Dans l’intimité de Prince

L’album posthume Piano & a Microphone 1983 dévoile un artiste d’avant la gloire, inspiré et bouleversant.

Pauline Guedj  • 2 octobre 2018 abonné·es
Dans l’intimité de Prince
© photo : Torbjorn Selander/afp

Prince compte parmi les artistes les plus « piratés ». Tout au long de sa carrière, son immense productivité a donné lieu à quantité d’enregistrements diffusés on ne sait trop comment et par qui, puis revendus chez les disquaires.

Avant l’avènement d’Internet et même du CD, c’étaient des cassettes inlassablement dupliquées qui circulaient. Le son en était altéré, la musique souvent accélérée, mais, pour les fans, ces cassettes constituaient autant de trésors qui leur permettaient d’entrevoir une facette de leur artiste préféré souvent inconnue de ceux qu’ils appelaient « le grand public ». On y trouvait des concerts donnés la nuit dans des clubs, des morceaux inédits, les premières versions de titres publiés et des répétitions.

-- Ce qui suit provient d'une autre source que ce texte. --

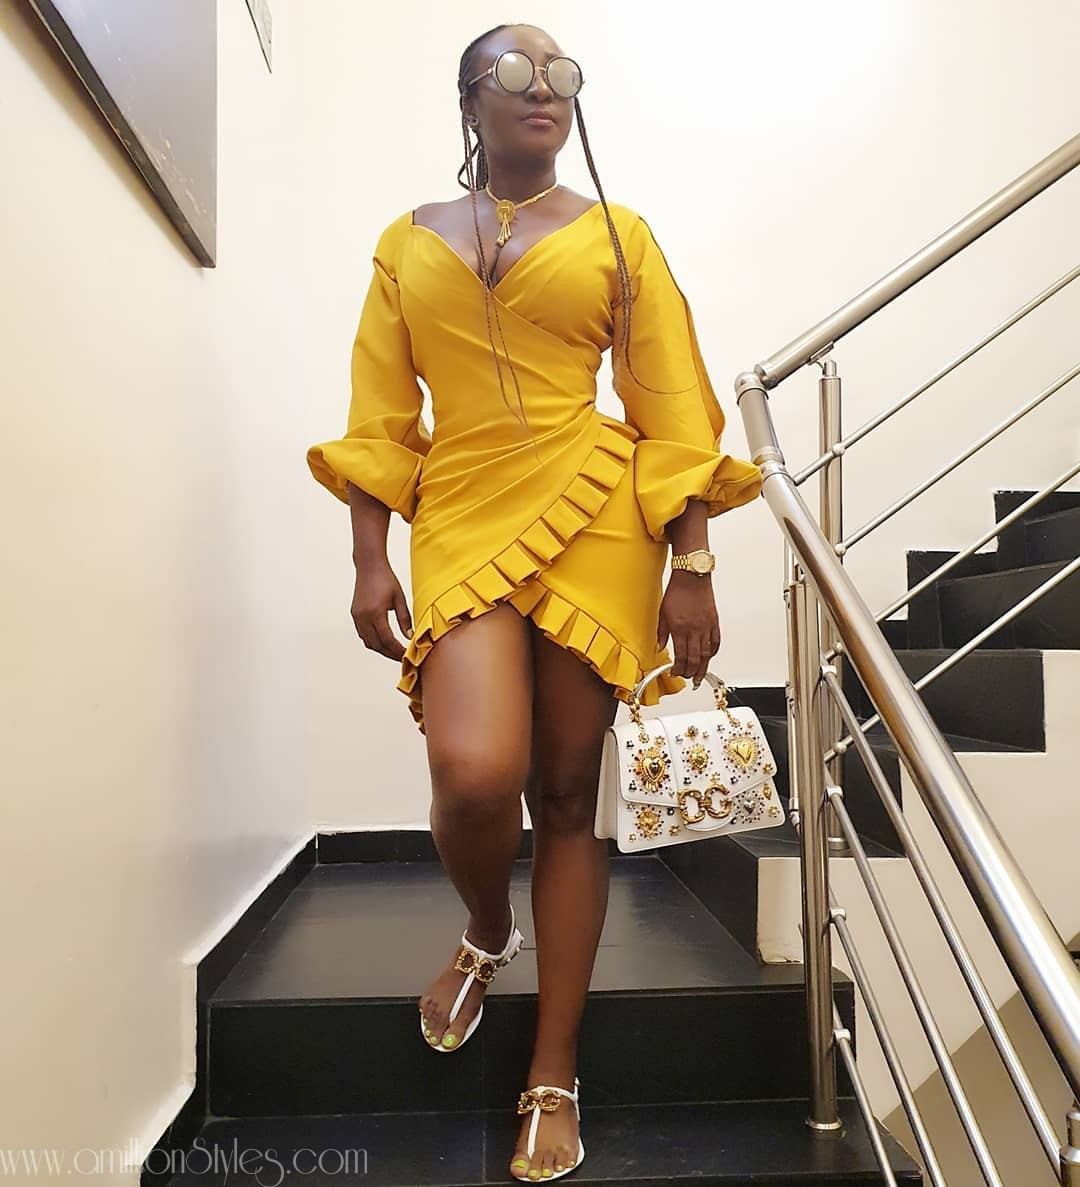 Ini Edo, The Brown Skinned Fashionista

Avec Prince, il y avait de quoi faire. Les nouveautés pleuvaient, et découvrir cet artiste revenait à s’adonner à un jeu de piste mêlant enregistrements officiels et marché noir.

Depuis la mort de Prince en 2016, la question des pirates est au cœur de plusieurs débats, d’abord parce que l’éditeur Prince Estate a décidé de mener devant la justice certains de leurs entremetteurs, ensuite parce que le décès de l’artiste donne un accès renouvelé aux coffres de Paisley Park, demeure et studio de Prince à Minneapolis, où des milliers d’enregistrements audio et vidéo étaient contenus dans ce qu’il est de coutume d’appeler le « Vault ».

Un archiviste est dorénavant responsable du fonds, et les questions sur son traitement sont nombreuses. Quels seront les enregistrements retenus pour les disques posthumes ? Va-t-on continuer à découvrir de nouveaux aspects de la carrière de Prince, cette fois-ci dans le cadre d’une diffusion officielle et contrôlée ?

À ces questions, le Prince Estate a répondu à trois reprises. Un single a été publié, « Nothing Compares 2 U » dans sa version originale ; puis un coffret autour de l’album Purple Rain contenant des morceaux inédits, parmi lesquels des pépites (« Wonderful Ass », « Can I f**k with you ? », « Possessed ») ; et récemment ce Piano & a Microphone, point d’orgue absolu de ces sorties. Un disque incontournable.

Pour les fans, l’enregistrement est depuis longtemps connu sous plusieurs titres : Intimate Moments, Piano Sessions… Trente-cinq minutes de répétition de 1983. Une sorte de Graal parce qu’on y entend Prince dans une configuration improbable : chez lui, seul avec un ingénieur du son, au piano, chantant des morceaux inédits, des reprises et une première version de « Purple Rain » avant que celle-ci ne soit gravée sur le disque du même nom. Une suite musicale captant un Prince d’avant la gloire, le tout enregistré sur une cassette audio retournée à mi-­parcours par l’ingénieur du son.

Choix curieux de la part du Prince Estate, le disque ne se prête pas à une écoute distraite. Choix inspiré cependant si l’on considère cet enregistrement « document » comme une plongée dans la facture de l’œuvre. Prince y est au travail. Il affine sa voix, plaque des accords bluesy, percute et caresse son piano, s’autorise des envolées de soliste. Dans une même session, il passe des profondeurs abyssales d’une tristesse lancinante (« Wednesday », « Why the Butterflies ») à une légèreté sensuelle (« International Lover ») et à un humour potache (« Cold Coffee & Cocaine »). Comme à son habitude, il mêle les genres, funk, soul, jazz, folk et ici gospel pour un « Mary Don’t You Weep » bouleversant.

Prince se vit en interprète frénétique, aux possibilités infinies, mais aussi en chef d’orchestre. Il pense à voix haute, chante les lignes de basse, scatte les parties de batterie, claque des doigts, tape du pied. De tout son corps, il élabore l’orchestration des morceaux, imagine leur déploiement en studio et sur scène.

Petite souris cachée sous un piano, l’auditeur assiste alors à un instantané de l’immense pouvoir créatif du musicien. Il est sans cesse surpris et vit une expérience rare, une immersion totale dans la musique de Prince.

Piano & a Microphone 1983, Prince, Warner, NPG Records, The Prince Estate.